This part of the web site is devoted to the historical development of the stupa and its environs, beginning with the parinirvana of the Buddha. It is a fascinating subject and up until recently, difficult to study due to lack of information. Exploring the evolution of the stupa is more than tracking its changes in physical form. It also includes how people interacted with stupas, who built and paid for them, how these sites were managed and what went on around them.
Stupas and their precincts developed as an alternative socio-economic foundation alongside the traditional Brahman class structure and worldview. As such, they are an extremely important part of the overall Buddhist cultural evolution that took place in ancient India. These were the main centers of worship for the laity. The sravakas or monks were also part of this scene. As the years wore on, there were many changes that occurred in the balance between the laity and the monastics, as well as the treatment of Buddhism and stupa building by the ruling dynasties.
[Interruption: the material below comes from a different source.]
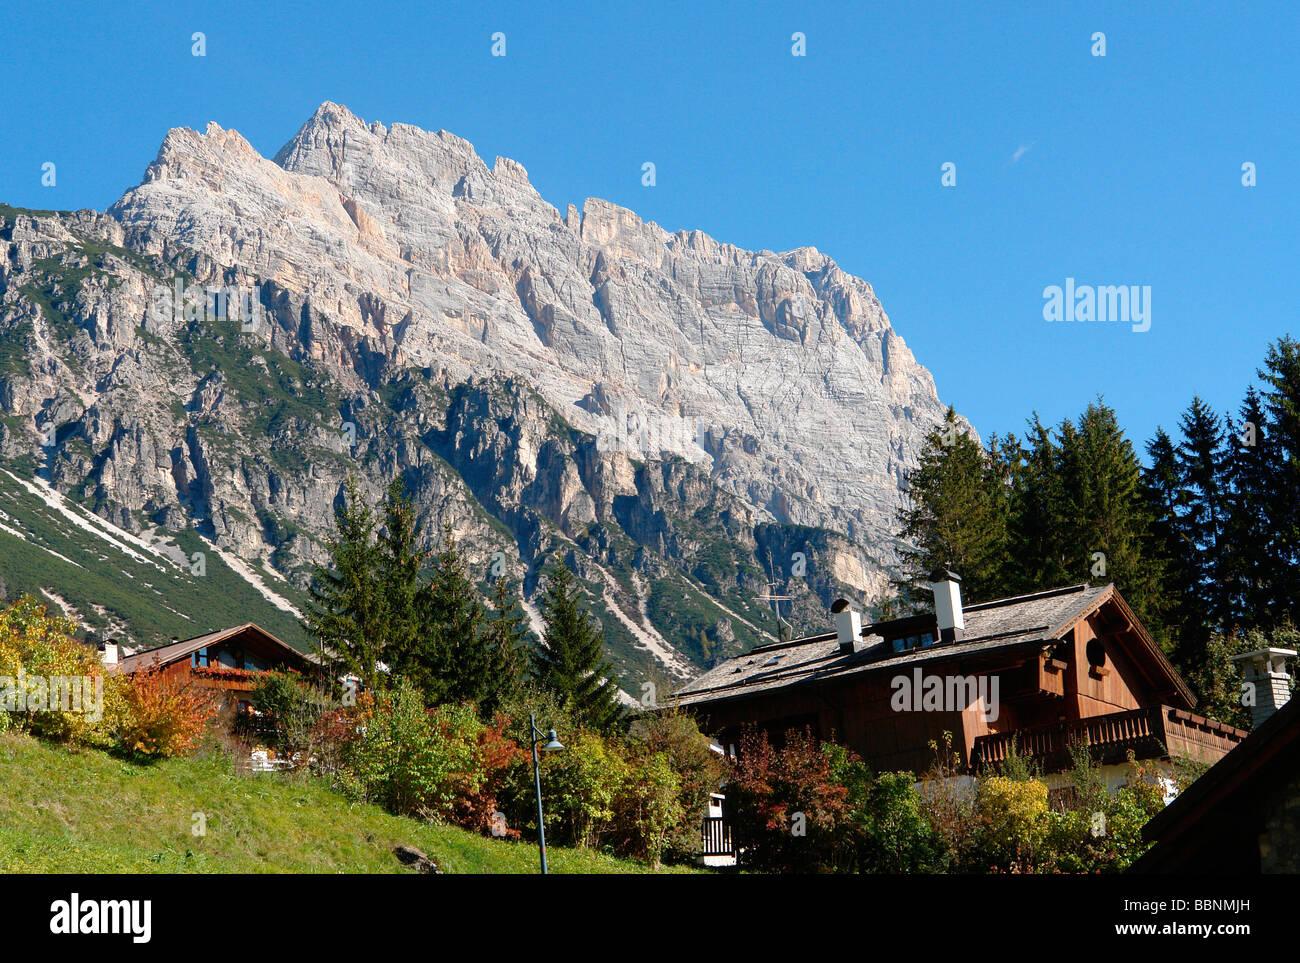 geography / travel, Italy, Trentino - Alto Adige, Cortina d'Ampezzo: Landscape with Sorapis Massif, typical - Stock Image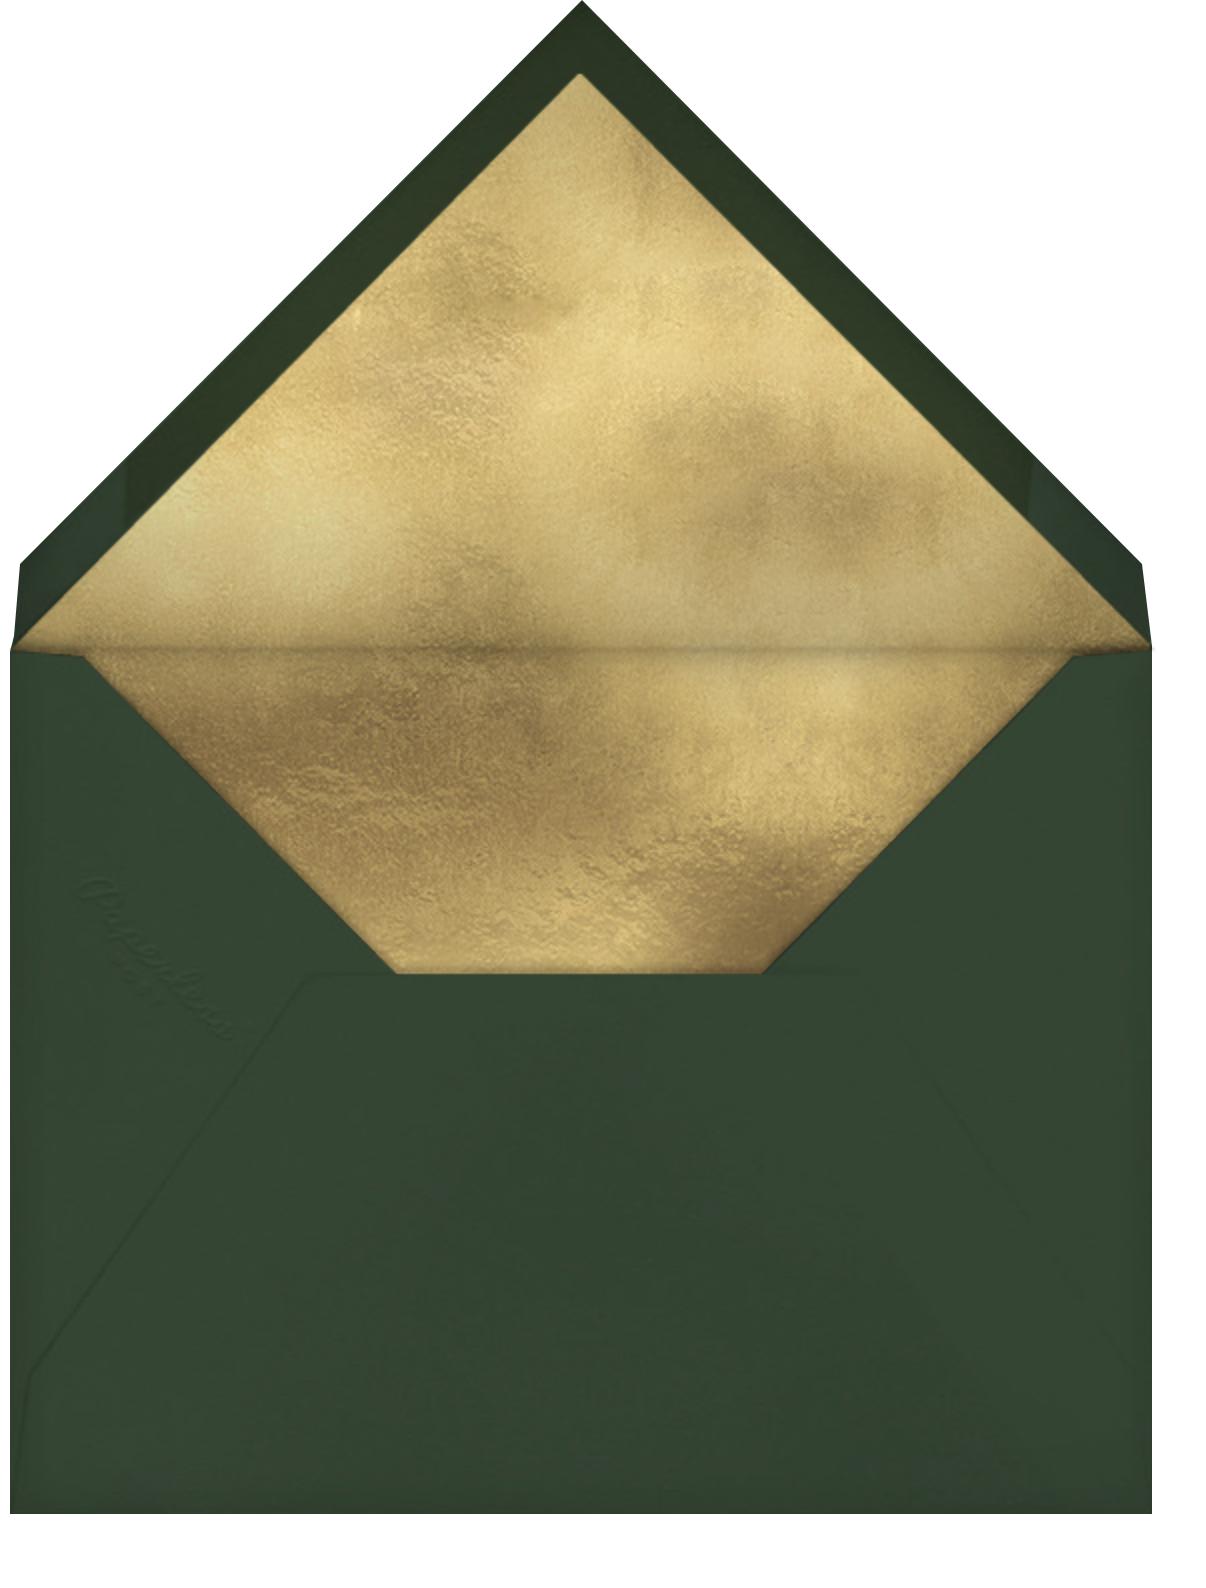 Greenery Frame - Greenwood - Paperless Post - Holiday cards - envelope back

This ebb and flow, with its influence on stupa design and its geographic migration is the subject of our inquiry.
Most of this material is about South Asia, the first 1,000 years of stupa building limited to India, Sri Lanka, and Gandhara (today’s northern reaches of Pakistan and Afghanistan). From 500 CE to 1,100 CE when Buddhism in India disappeared, various migrations took the art of stupa building out to the rest of Asia.